PDA

View Full Version : Monitoring helps avoid down time


kjkoster
08-11-2010, 13:16
Dear All,

This weekend we had a nice example of how monitoring averted unplanned downtime. The temperature of a set of disks started rising sharply. Interestingly the temperature went up on two machines and on none of the others. These two machines are both in the same server room, separate from the rest. Based on history I concluded that the air cooler in that room had gone dead (for the third time in two years). That turned out to be the case. Someone had switched it off by accident. They switched it back on and the temperatures are almost nominal again.

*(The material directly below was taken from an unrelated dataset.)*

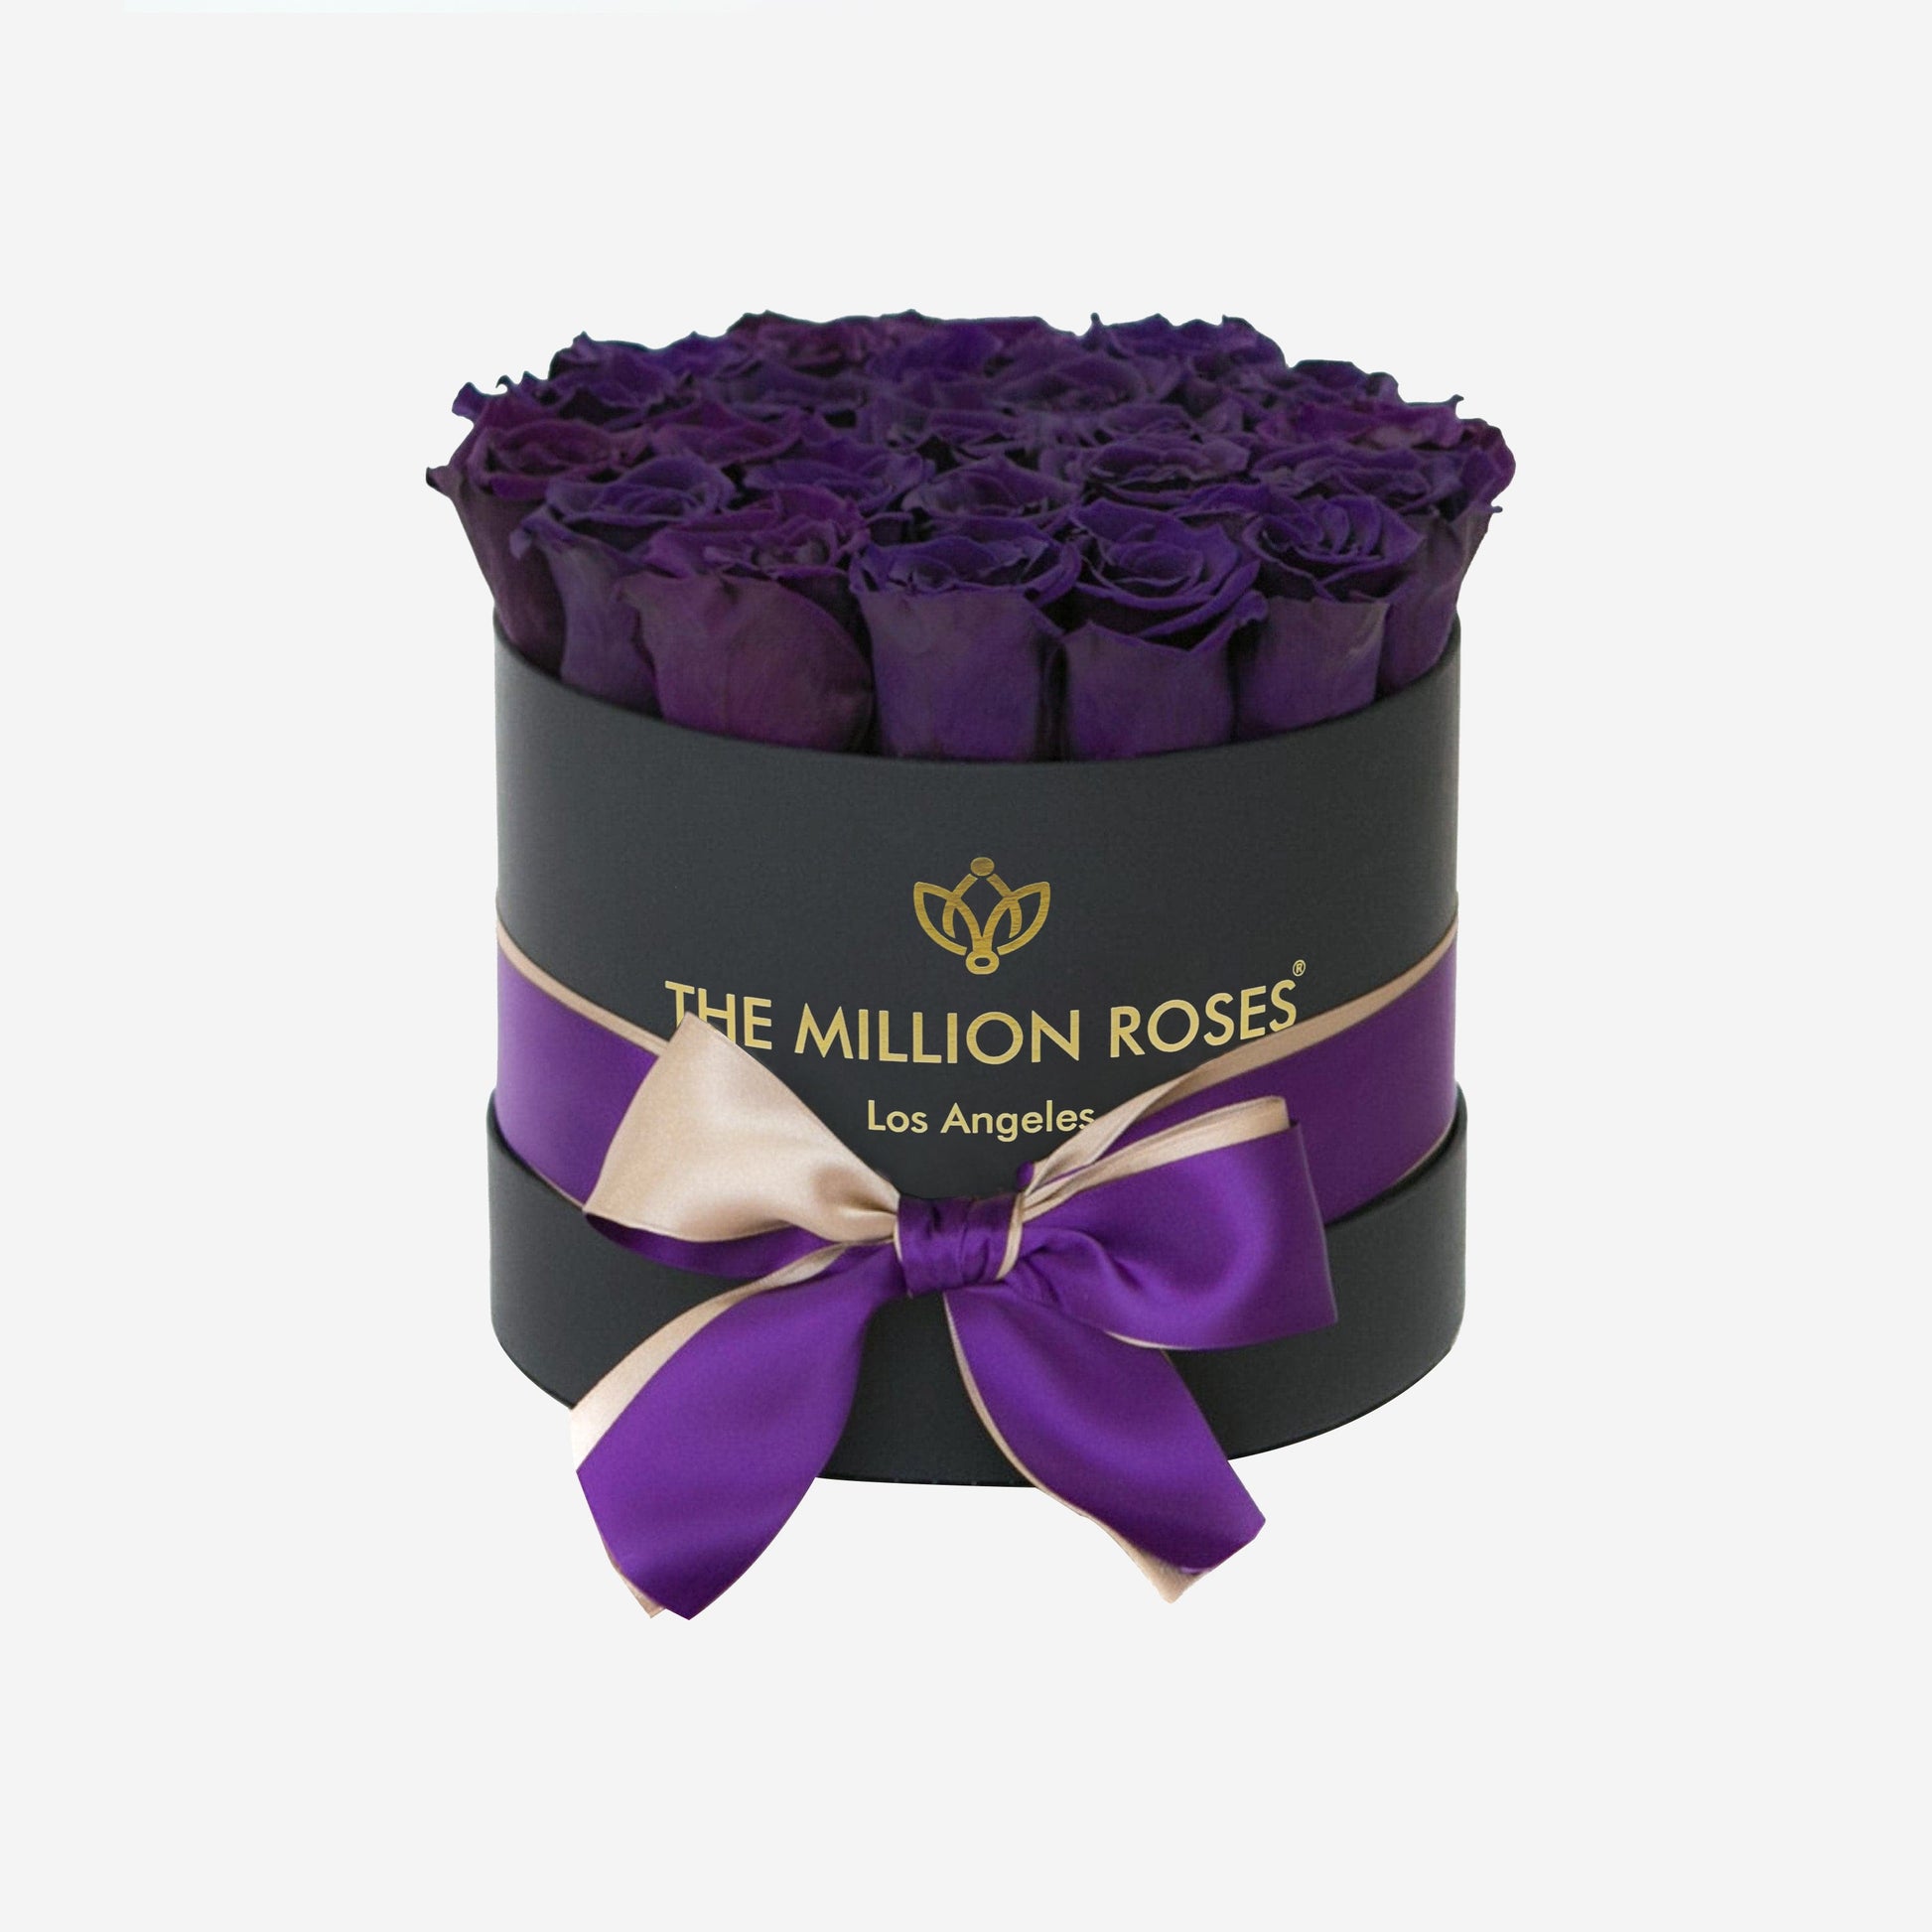 bouquet of dark purple roses

This shows that 1) my ISP does not have any monitoring of their air conditioners in that room, and 2) They are not monitoring the temperature of their hardware.

Kees Jan

kjkoster
09-11-2010, 21:10
Dear All,

This just gets better and better. Turns out the airco broke the day after this happened. Again I had to inform my ISP and they had no idea. Good thing I have no production hardware hosted with them, only test machines.

Kees Jan

kjkoster
09-11-2010, 21:11
Dear All,

Oh, and they have a work-around: the door of the server room is barred open with a box. I don't know whether to laugh or cry.

Kees Jan

cfd
31-12-2010, 11:49
laugh or cry ? who cares at your ISP... they have a insurance for the hardware I guess ;)

kjkoster
31-12-2010, 11:55
Dear cfd,

*haha* I had not thought of it that way.

And to think that two years ago I actually had my production machine in that rack. What was I thinking?

Well, all my test machines are now in a different location. 24/7 access, remotely accessible power strip, hot/cold alleys, DNS servers on different subnets and locks on the rack doors that actually close.

Kees Jan